Its new operation was a far cry from the first days, when James Astley had baked bread in Chester Street and walked round the streets of Blackburn with his cry: “One a penny, two a penny, hot cross buns.”

After the Great War, when the four brothers all returned home, the family turned from bakery to grocery.

After a short period in the retail trade in King Street, Astley’s moved into wholesale grocery and the firm flourished.

Back in 1959, the senior partners looked back on the early days with pride, recalling that, soon after the First World War, they once sold an entire field of potatoes, batch by batch, as they were dug out of the soil.

They also remembered selling 360 cases of eggs on one Easter Saturday.

The business’ new streamlined grocery operation, which was known as Paygo, had taken three months of hard work to organise.

It charged grocers 2s 6d to belong to the scheme and in return the traders received up-to-date price lists of the the 2,000 commodities kept in stock – which included foodstuffs, cleaning products, confectionary, patent medicines and tobacco.

Astley’s also recommended the retail prices the grocers should charge their customers.

Does any one remember Astley Brothers? Did you work there or buy your commodities from the wholesaler?

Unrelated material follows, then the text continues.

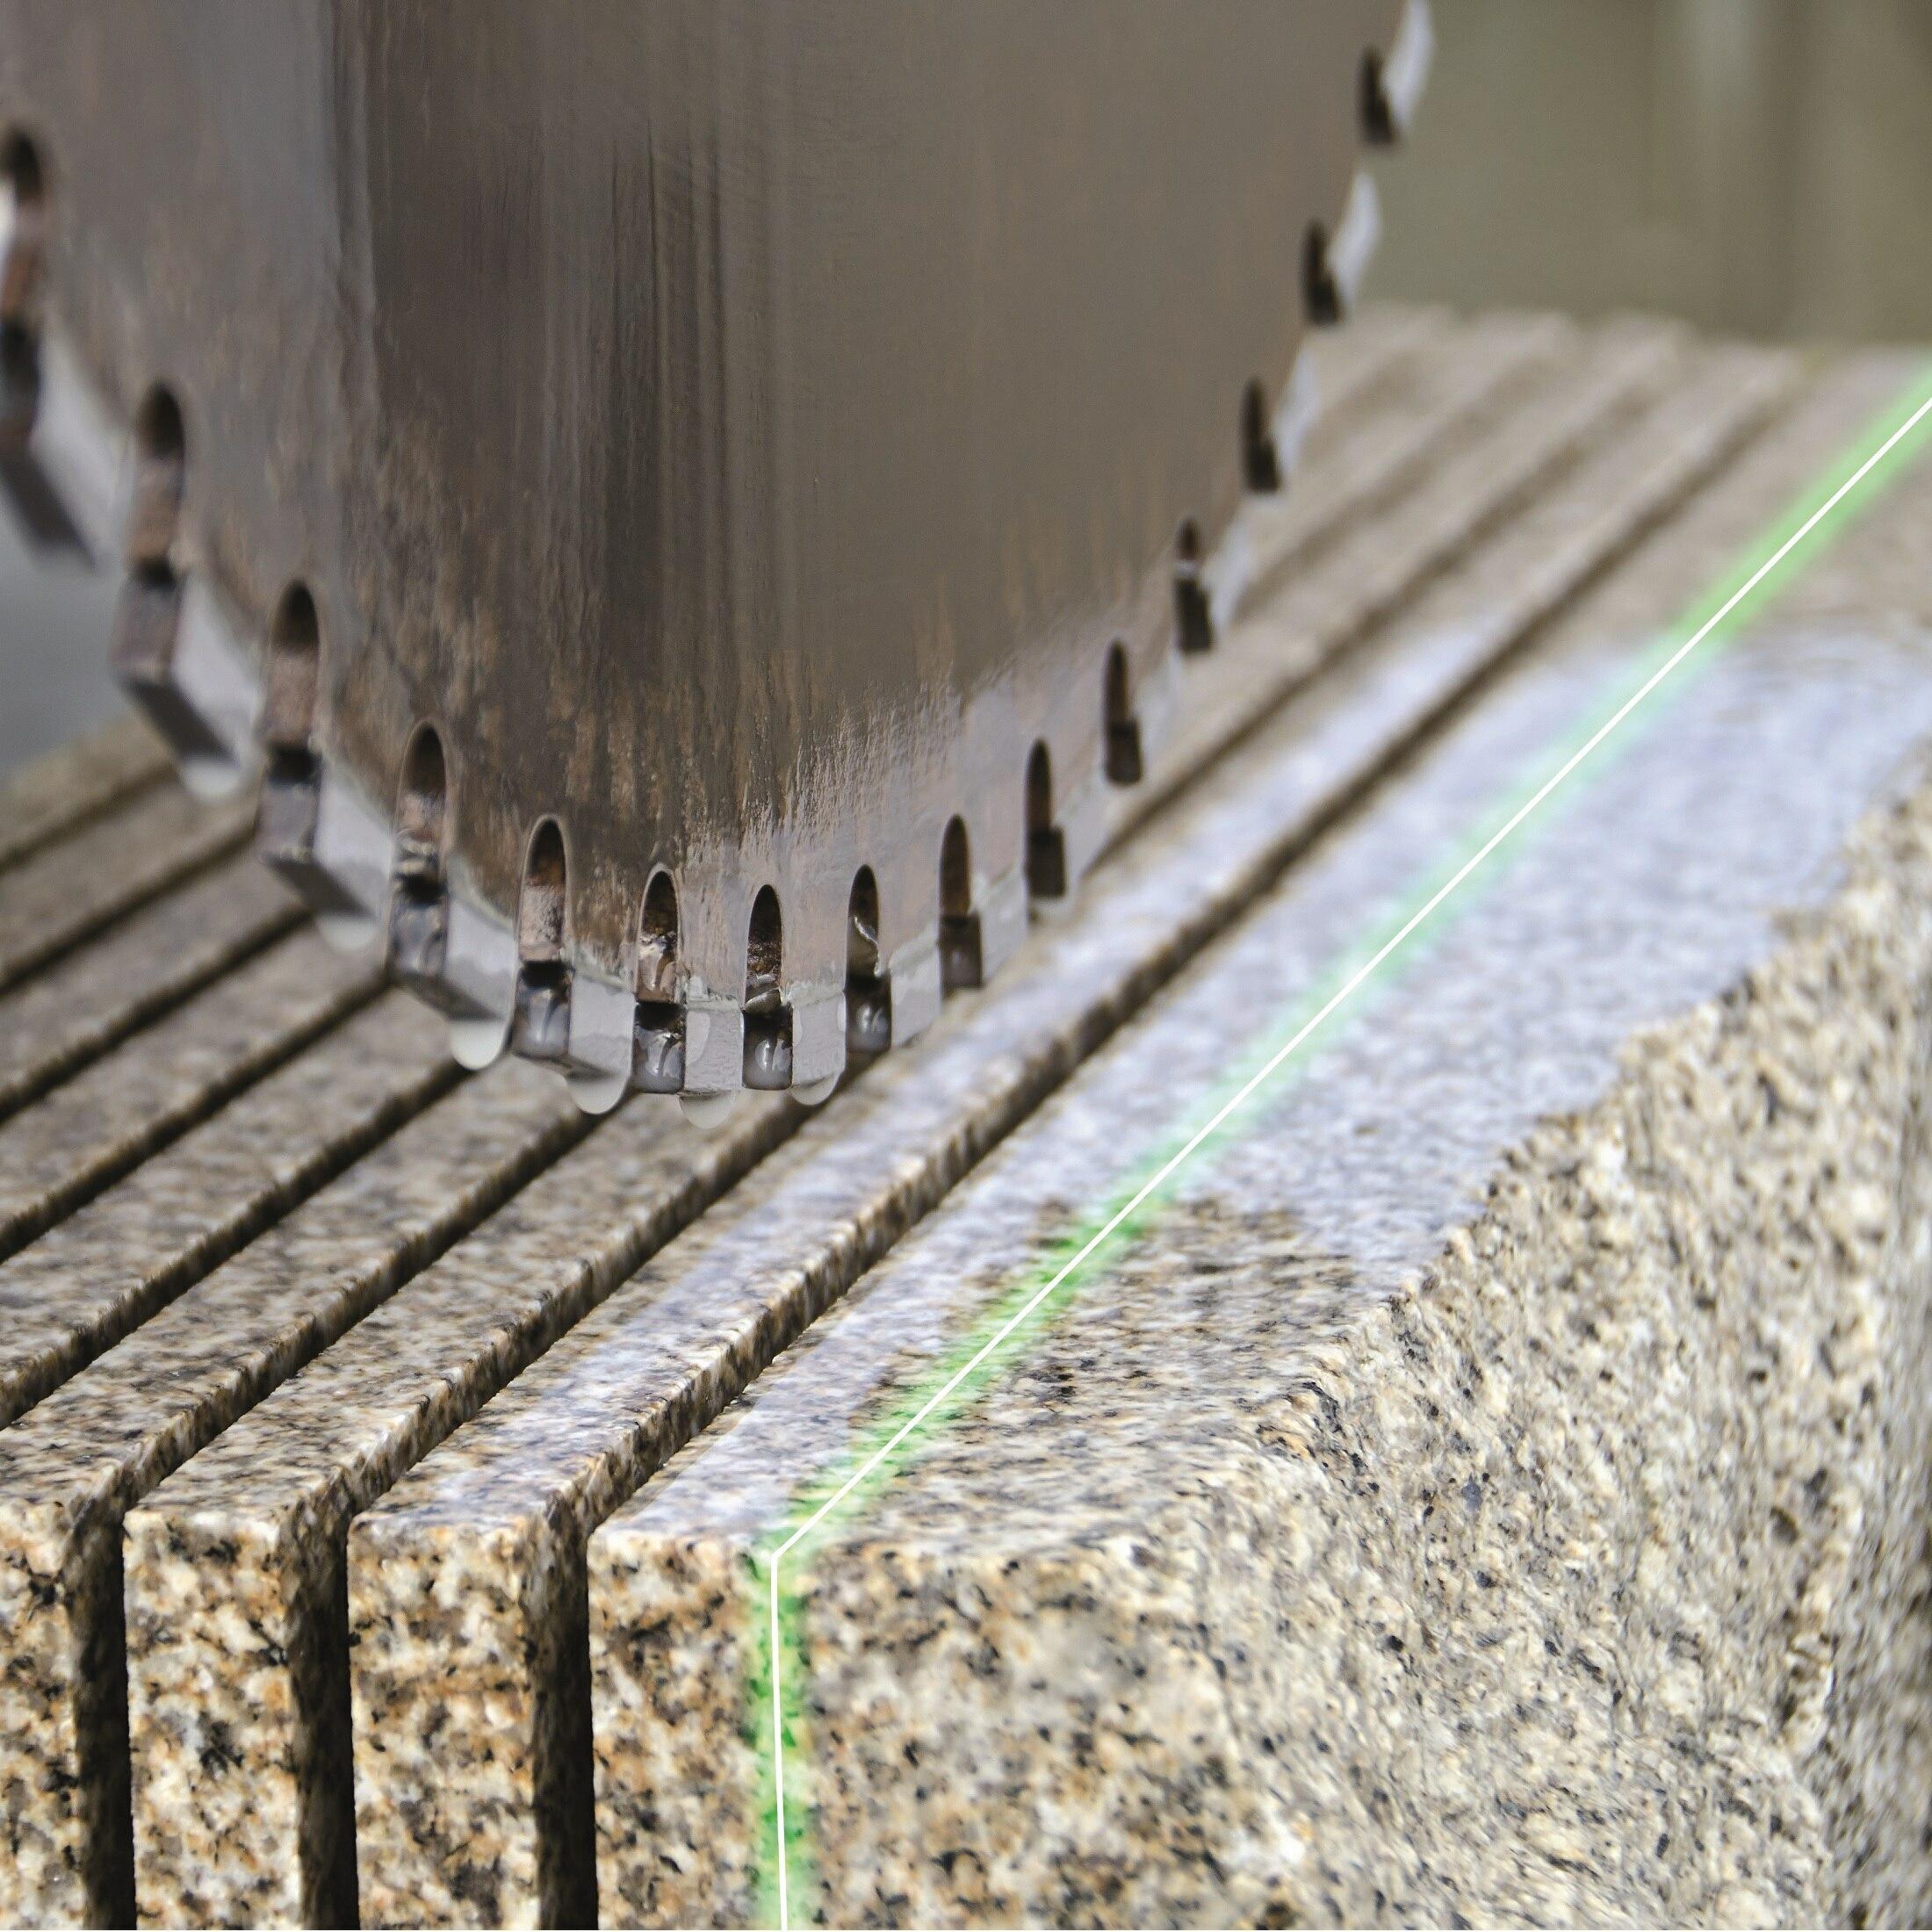 Picotronic Laser MLH520-5-12(22x90)45-F1500

Has anyone any photographs of the warehouse, the partners or any workers?

This photo from the Telegraph shows the modern roller conveyor belt moving boxes of items through the warehouse, as two employees unload it for delivery.

n The 1950s was the decade of the Coronation, the end of food rationing and the Suez Crisis.

Here is a memory of the time: “I think bacon was the last to go off ration. I remember our local grocers where bacon was sliced, cheese cut with a wire from a large block, and big open sacks of prunes sat on the floor.

“Sweet shops were individual units with rows and rows of glass jars containing loose sweets which were weighed out by the two ounces or a quarter and placed in paper bags.”